Exercise instructions
Type the data below again exactly. Omit all pictures.

(Supplied information begins)

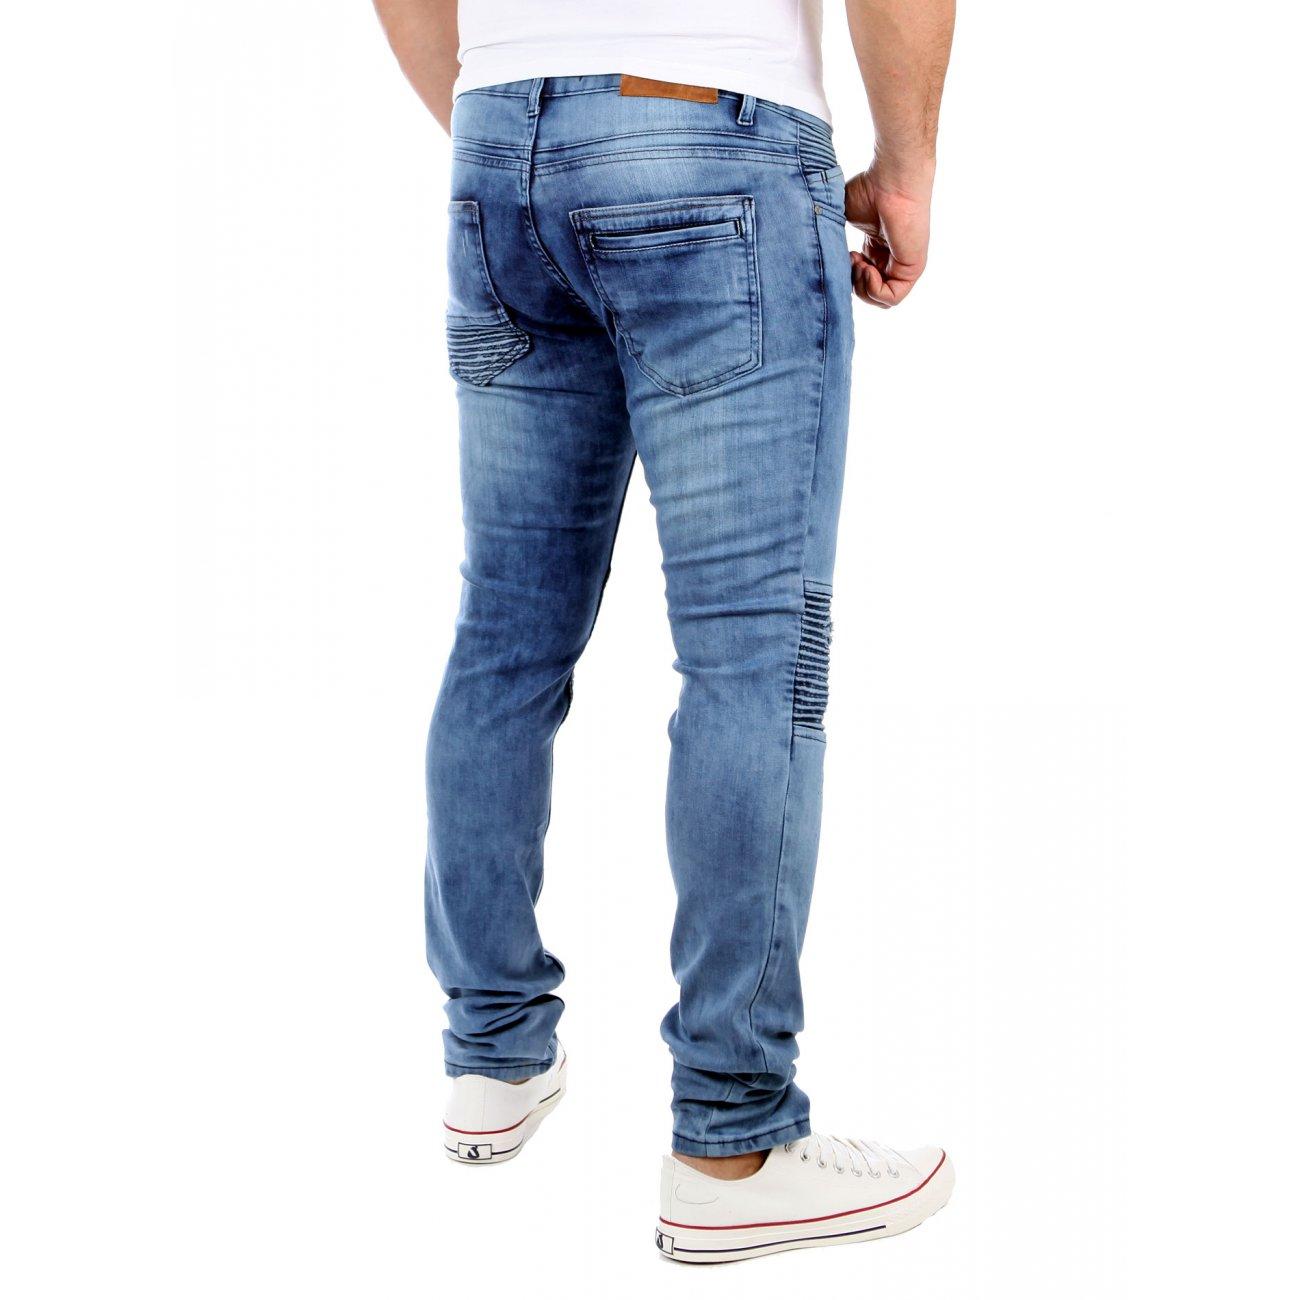 slim jeans herren tazzio strech biker look jeanshose blau. Black Bedroom Furniture Sets. Home Design Ideas
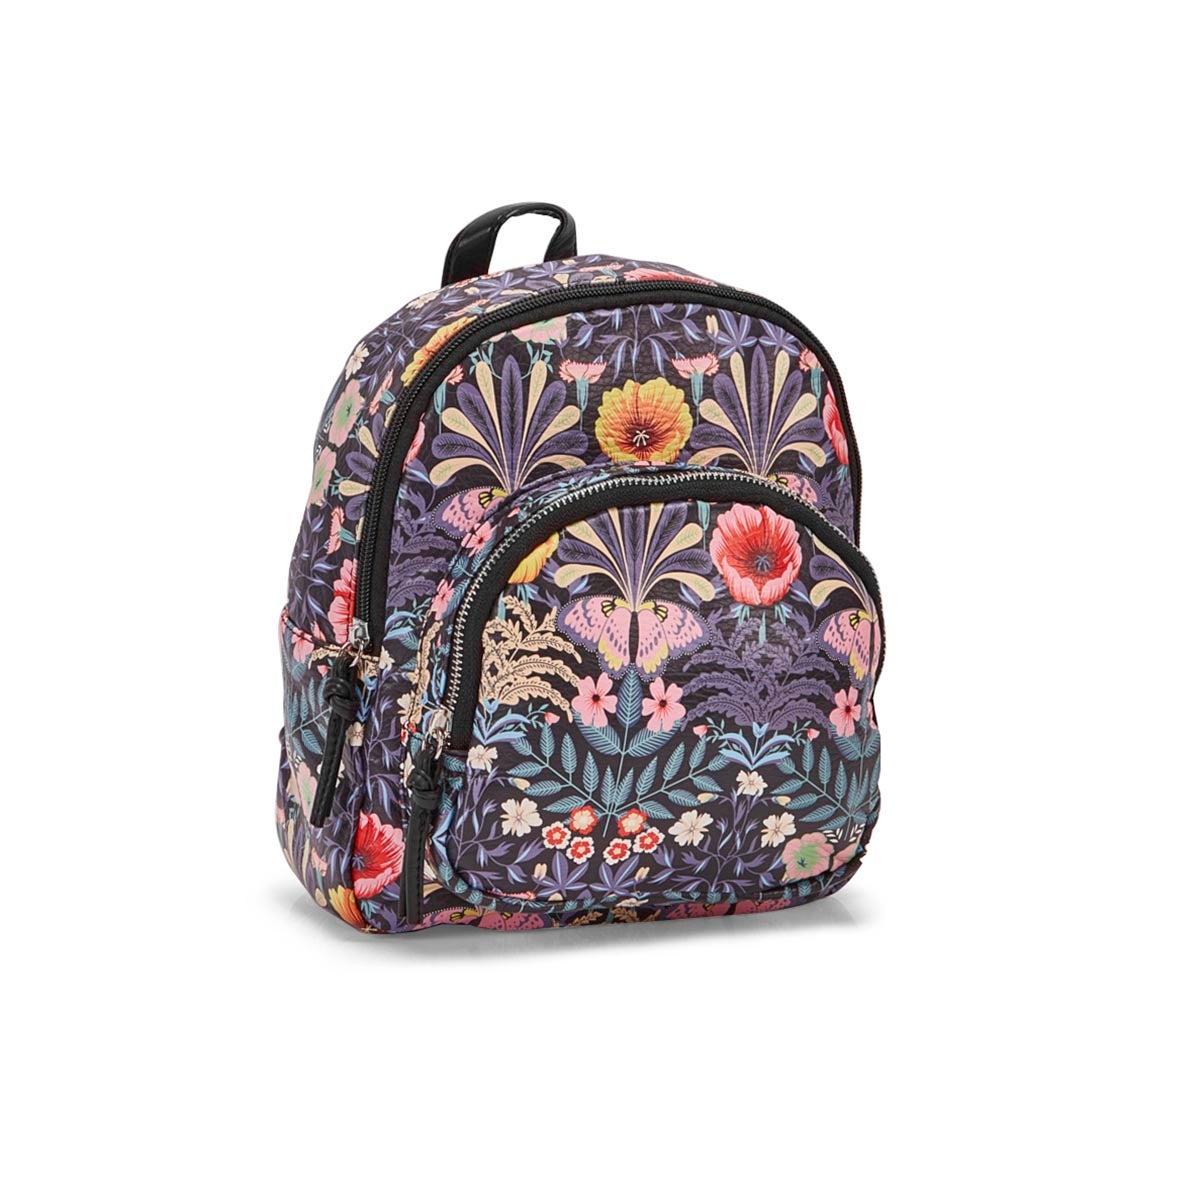 Lds blk flower/butterfly backpack
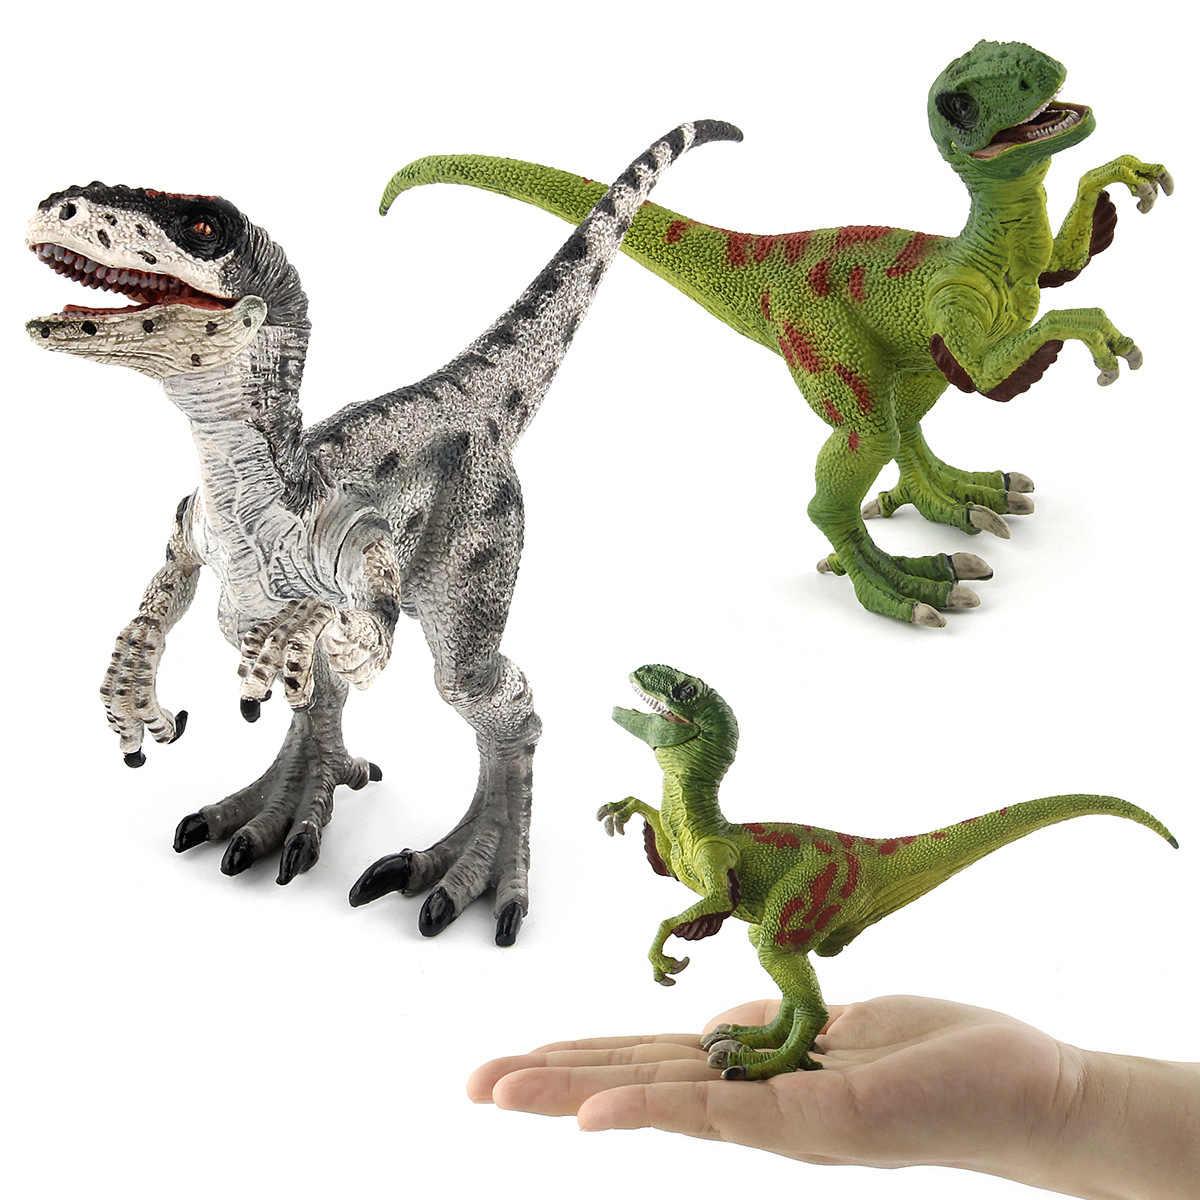 Jurassic World New Dinosaur Toys Velociraptor Model Toys For Children Dinosaurios De Juguete Christmas Gift Toys For Children Action Toy Figures Aliexpress Интерактивный динозавр jiabaile dinosaur 908c. www aliexpress com
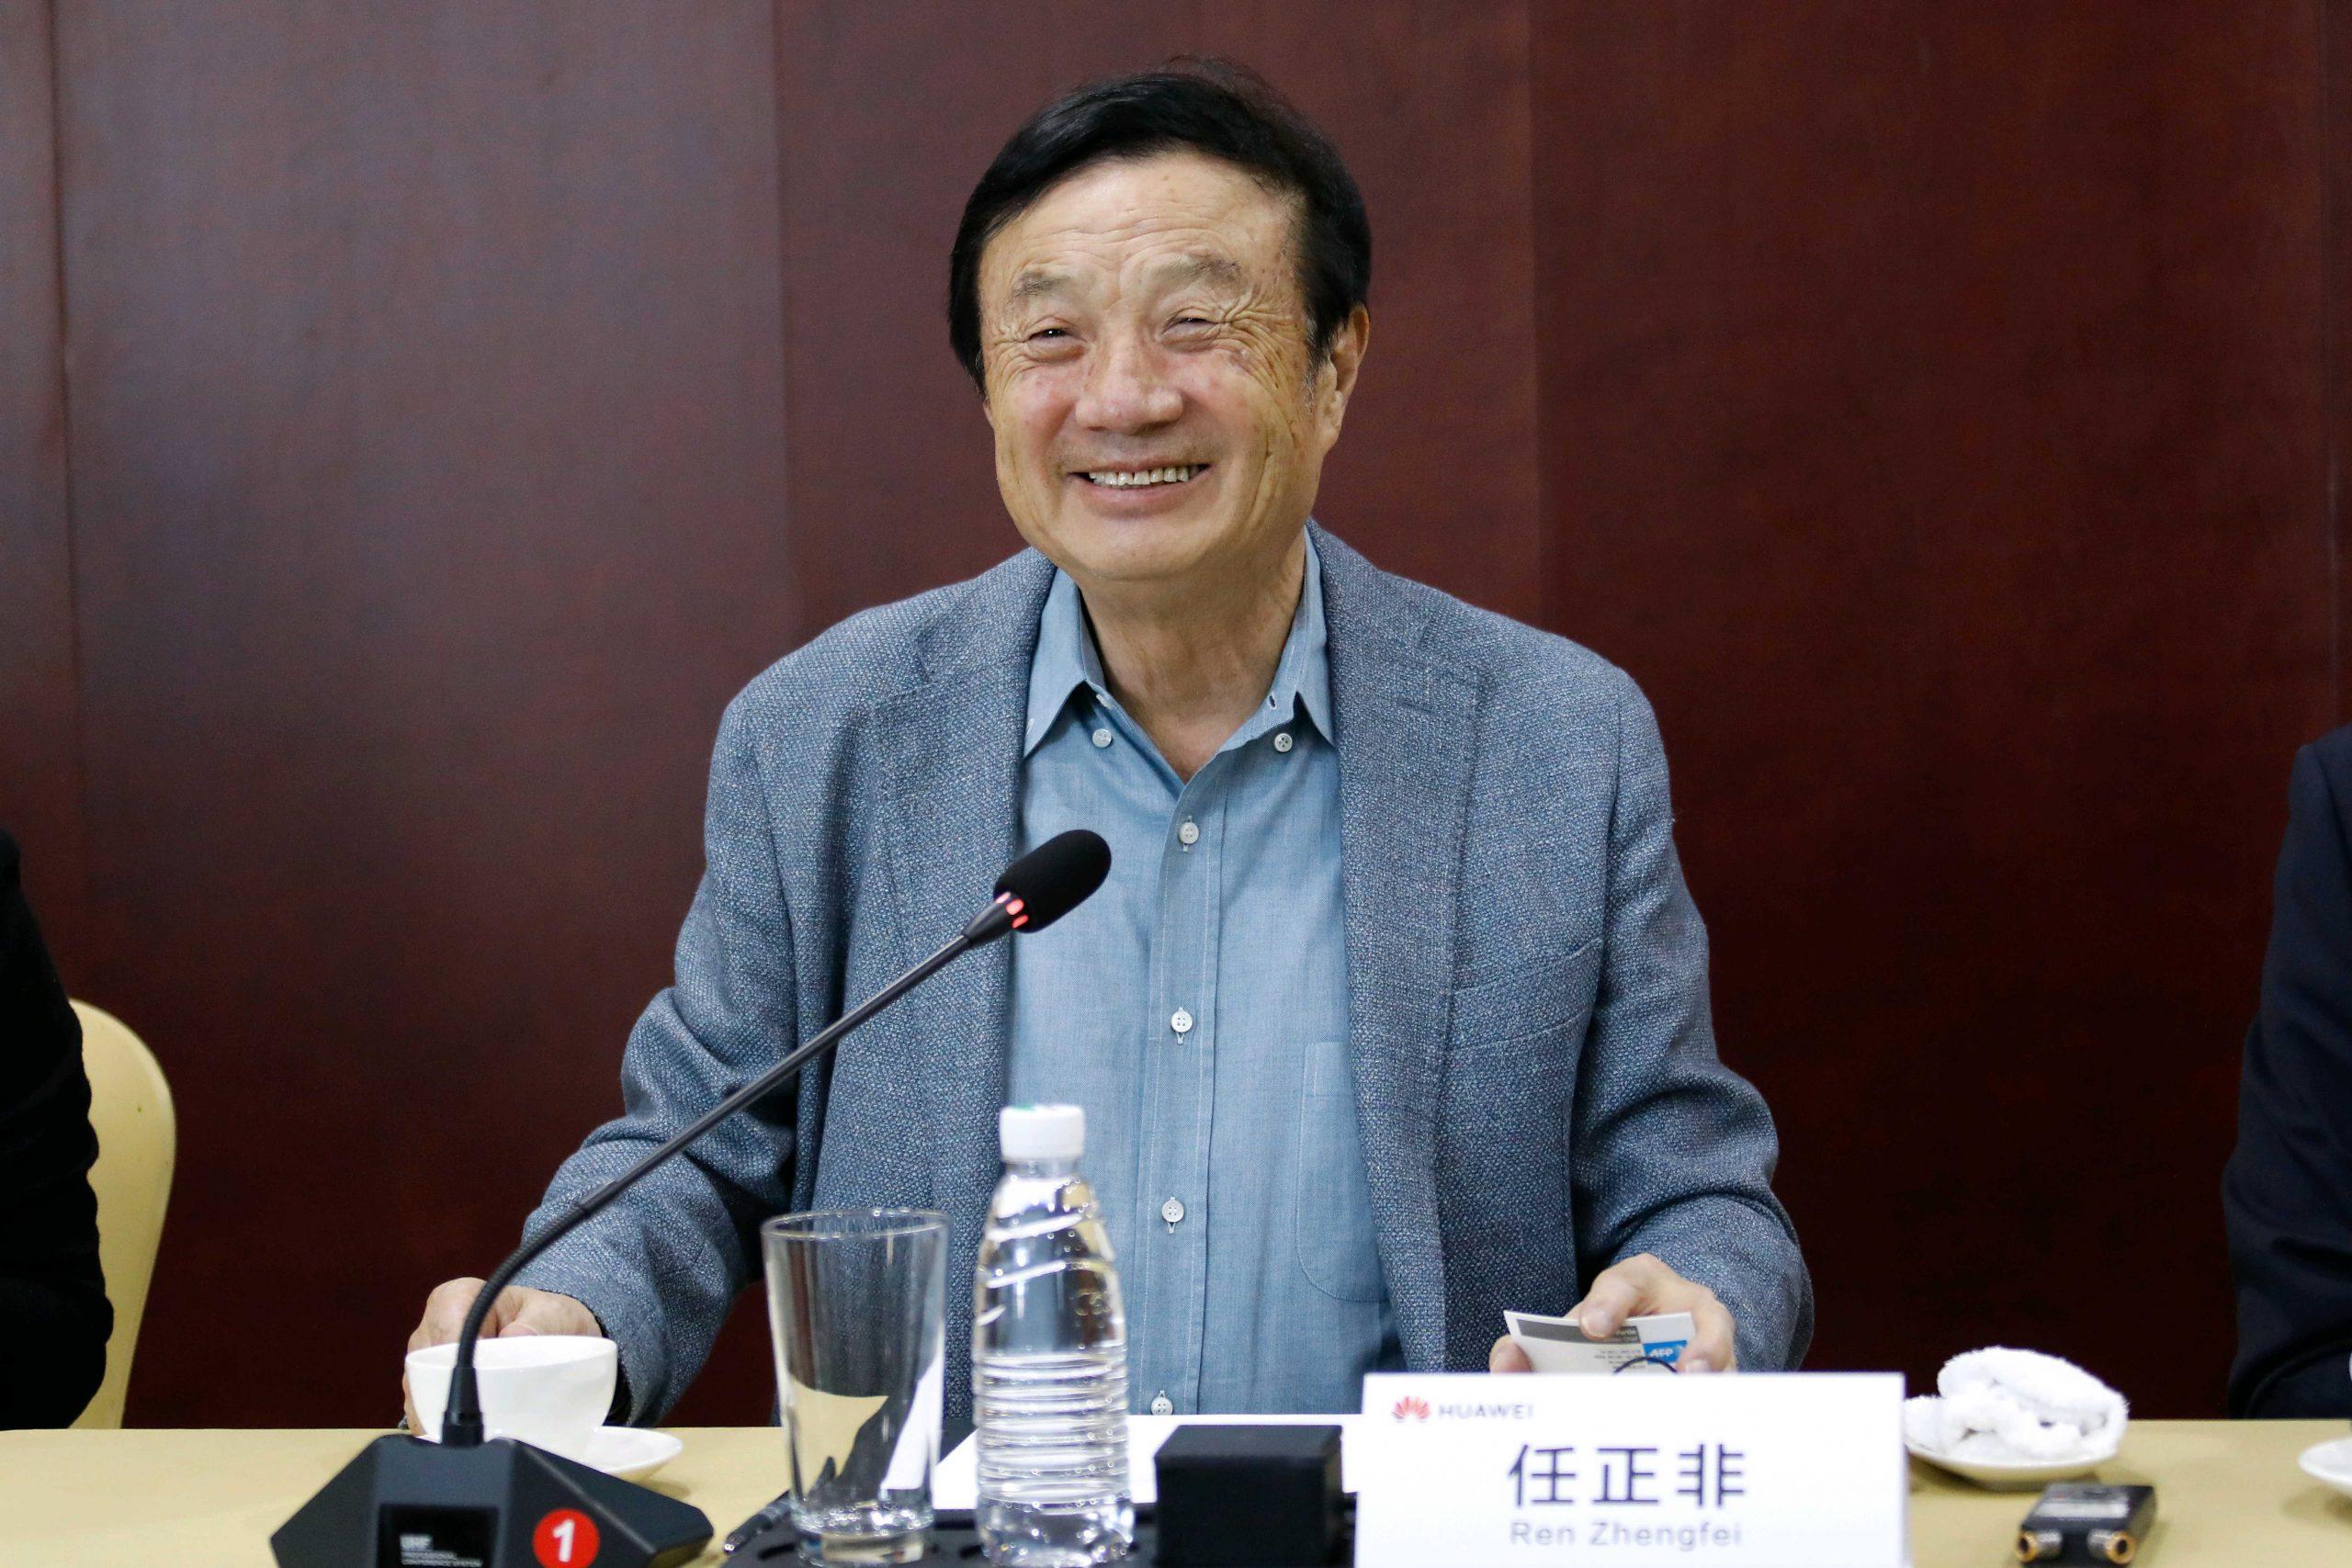 Huawei founder Ren Zhengfei hopes for improved US-China relations

(Supplied information ends)

Expected output
 slim jeans herren tazzio strech biker look jeanshose blau. Black Bedroom Furniture Sets. Home Design Ideas
 Lds blk flower/butterfly backpack
 Jurassic World New Dinosaur Toys Velociraptor Model Toys For Children Dinosaurios De Juguete Christmas Gift Toys For Children Action Toy Figures Aliexpress Интерактивный динозавр jiabaile dinosaur 908c. www aliexpress com
 Huawei founder Ren Zhengfei hopes for improved US-China relations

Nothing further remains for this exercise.